Restate the records word for word. Include no pictures.

-- Supplied records follows --

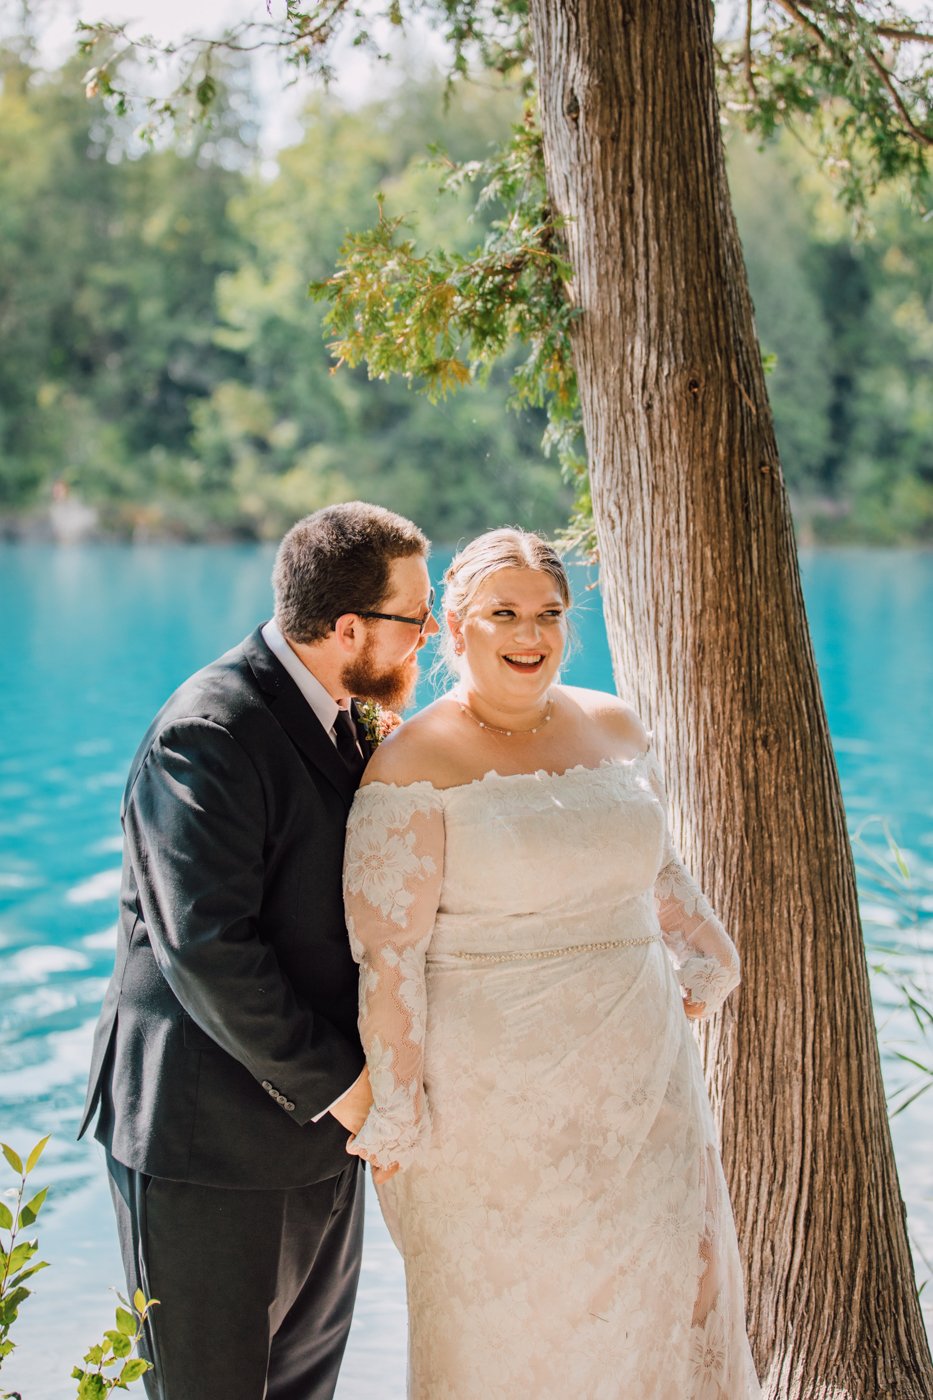  Bride and Groom pose for wedding photos during their lakeside wedding at Green Lakes State Park 
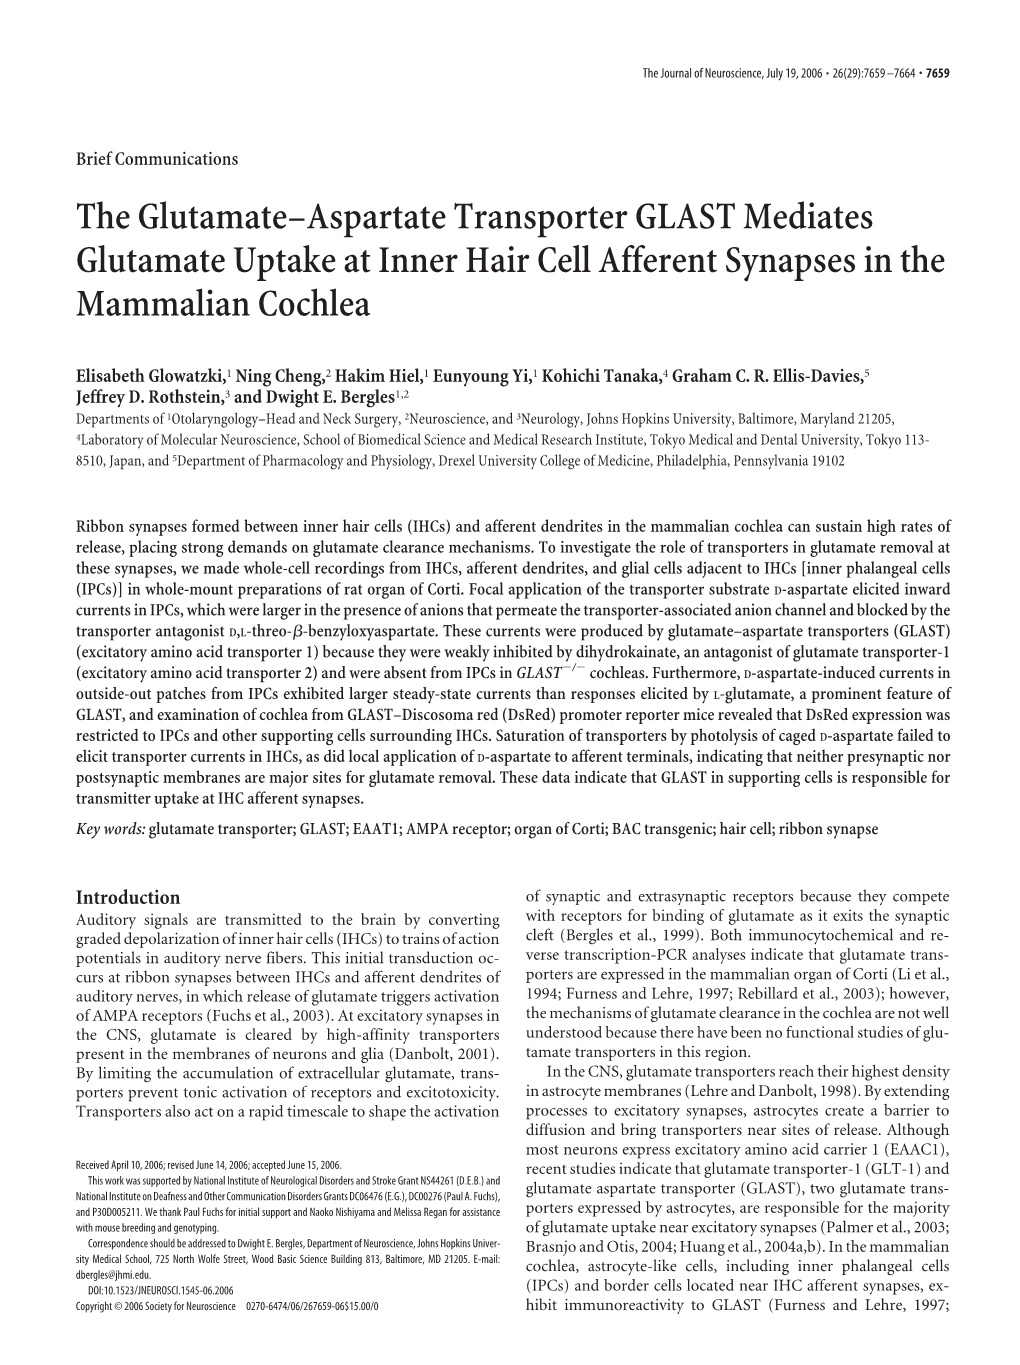 The Glutamate–Aspartate Transporter GLAST Mediates Glutamate Uptake at Inner Hair Cell Afferent Synapses in the Mammalian Cochlea
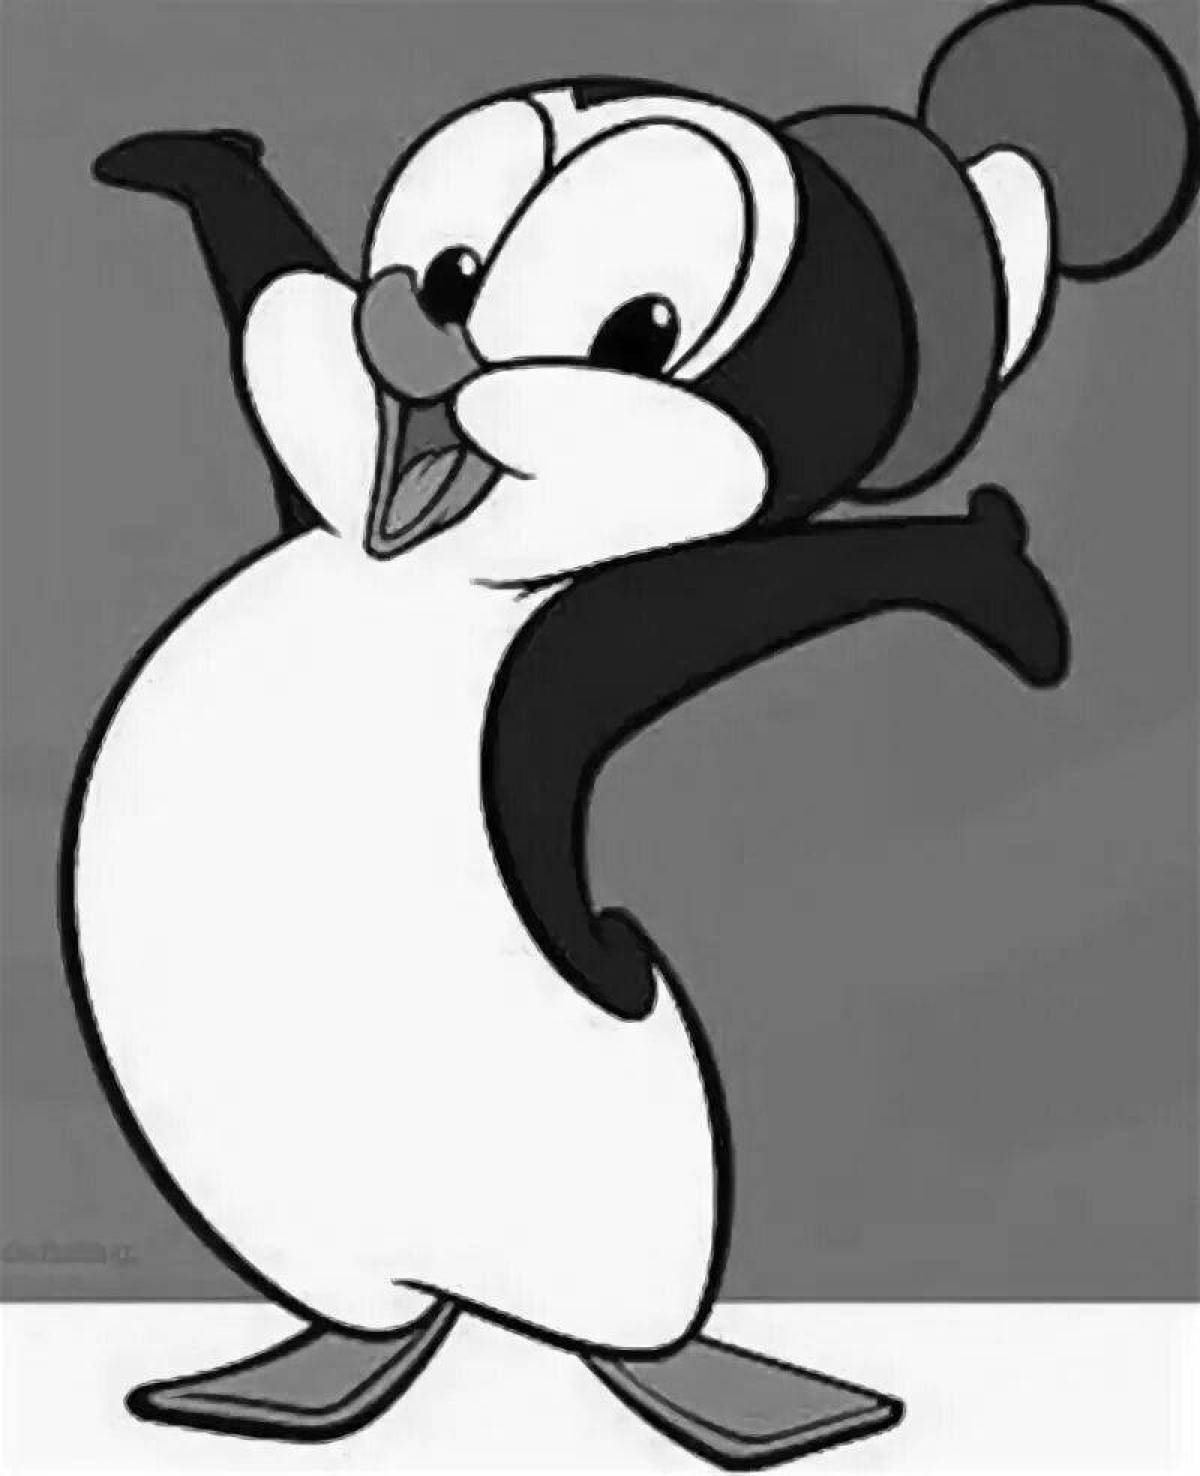 Playful chilly willy
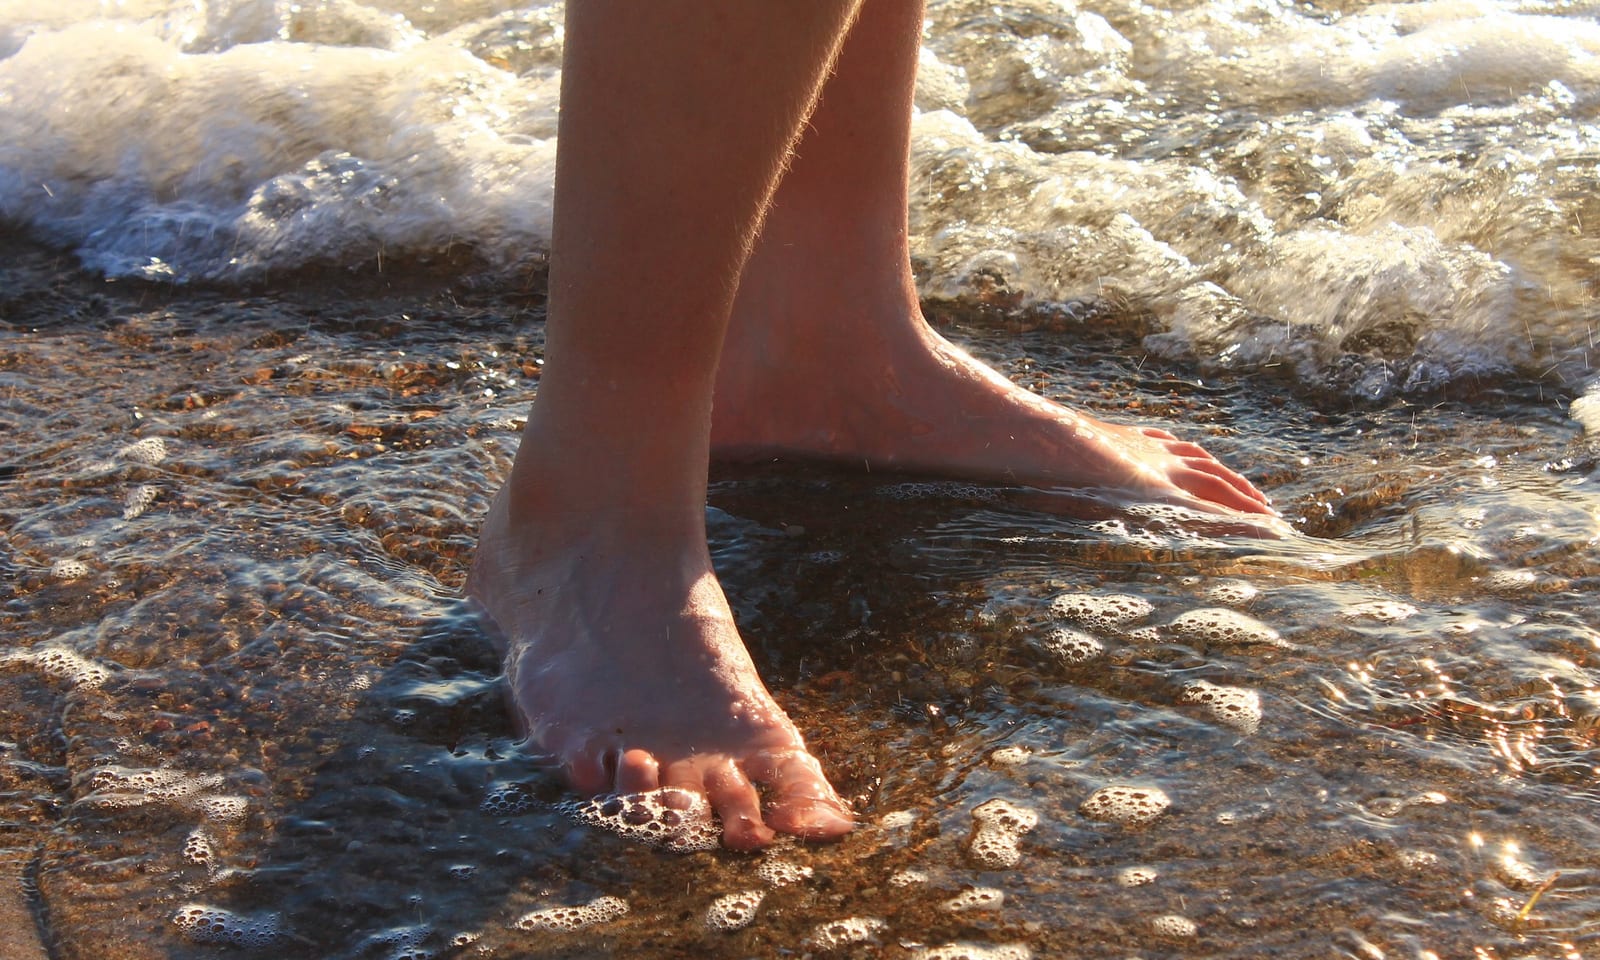 does having flat feet affect your balance
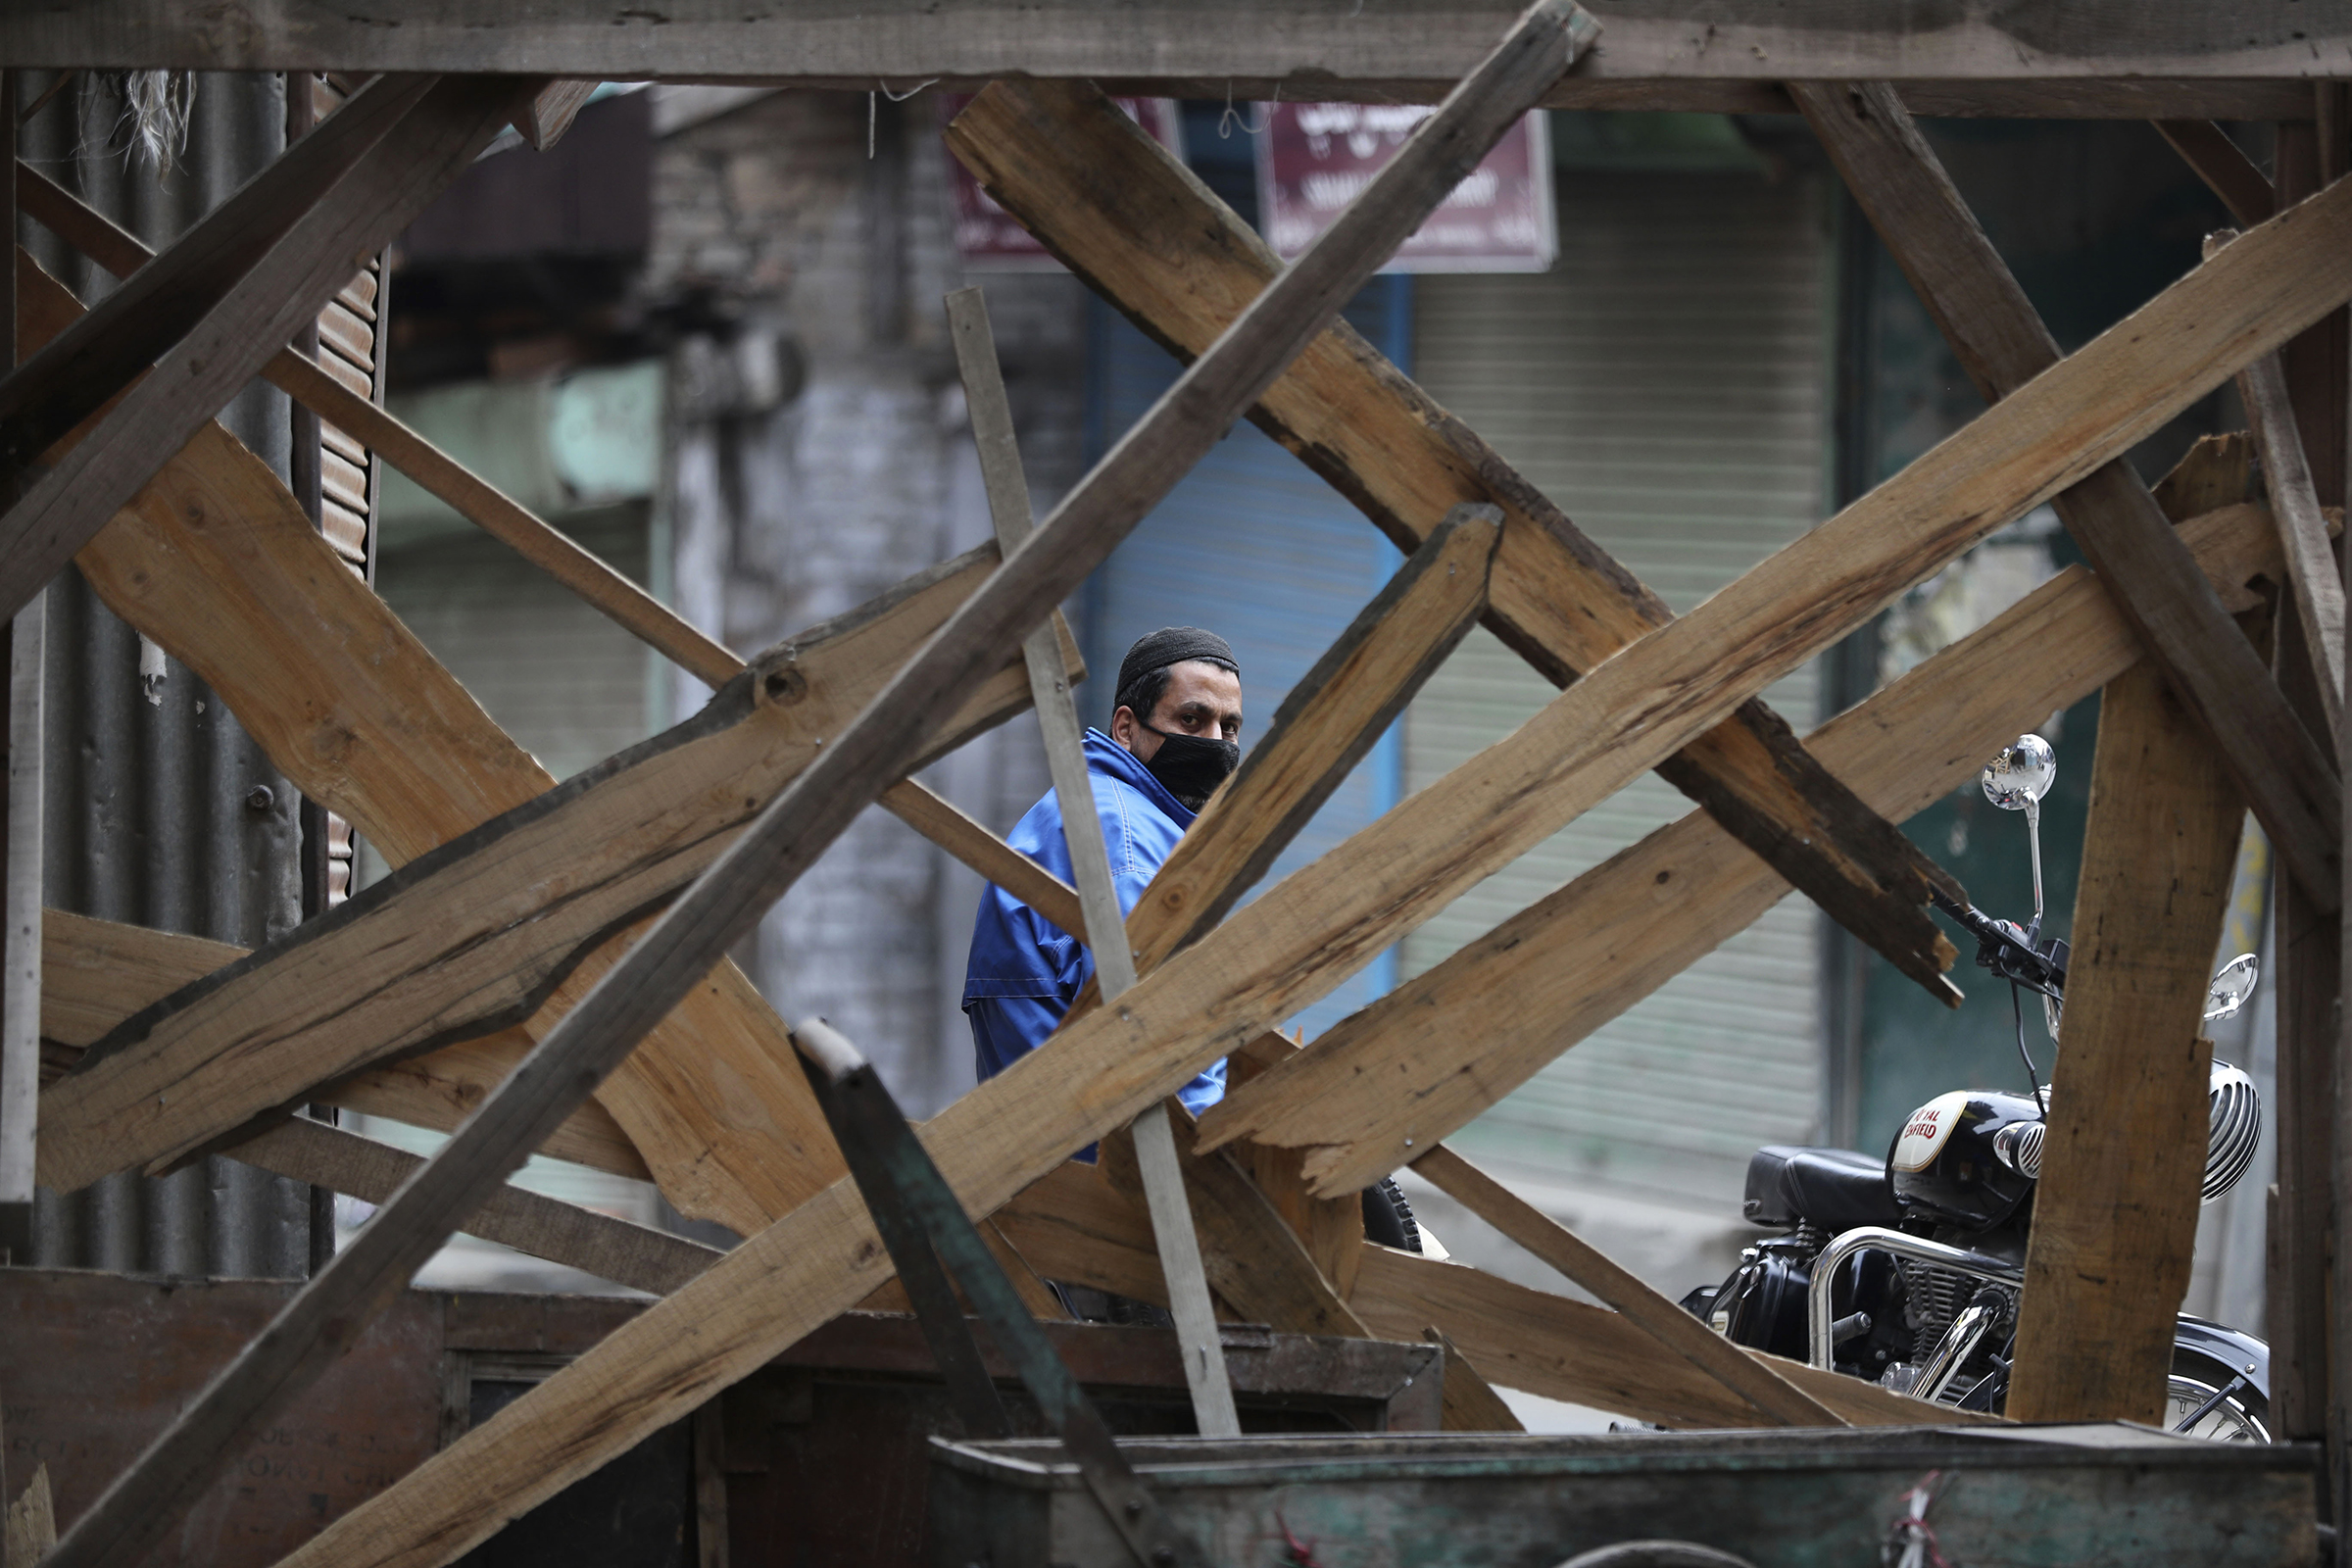 A Kashmiri volunteer looks through temporary barricades erected to prevent outsiders from entering an area declared as red zone by the government during lockdown in Srinagar, Indian controlled Kashmir, on April 14, 2020. (Mukhtar Khan—AP)

-- Supplied records concluded --

Your solution:
  Bride and Groom pose for wedding photos during their lakeside wedding at Green Lakes State Park 
 The Glutamate–Aspartate Transporter GLAST Mediates Glutamate Uptake at Inner Hair Cell Afferent Synapses in the Mammalian Cochlea
 Playful chilly willy
 does having flat feet affect your balance
 A Kashmiri volunteer looks through temporary barricades erected to prevent outsiders from entering an area declared as red zone by the government during lockdown in Srinagar, Indian controlled Kashmir, on April 14, 2020. (Mukhtar Khan—AP)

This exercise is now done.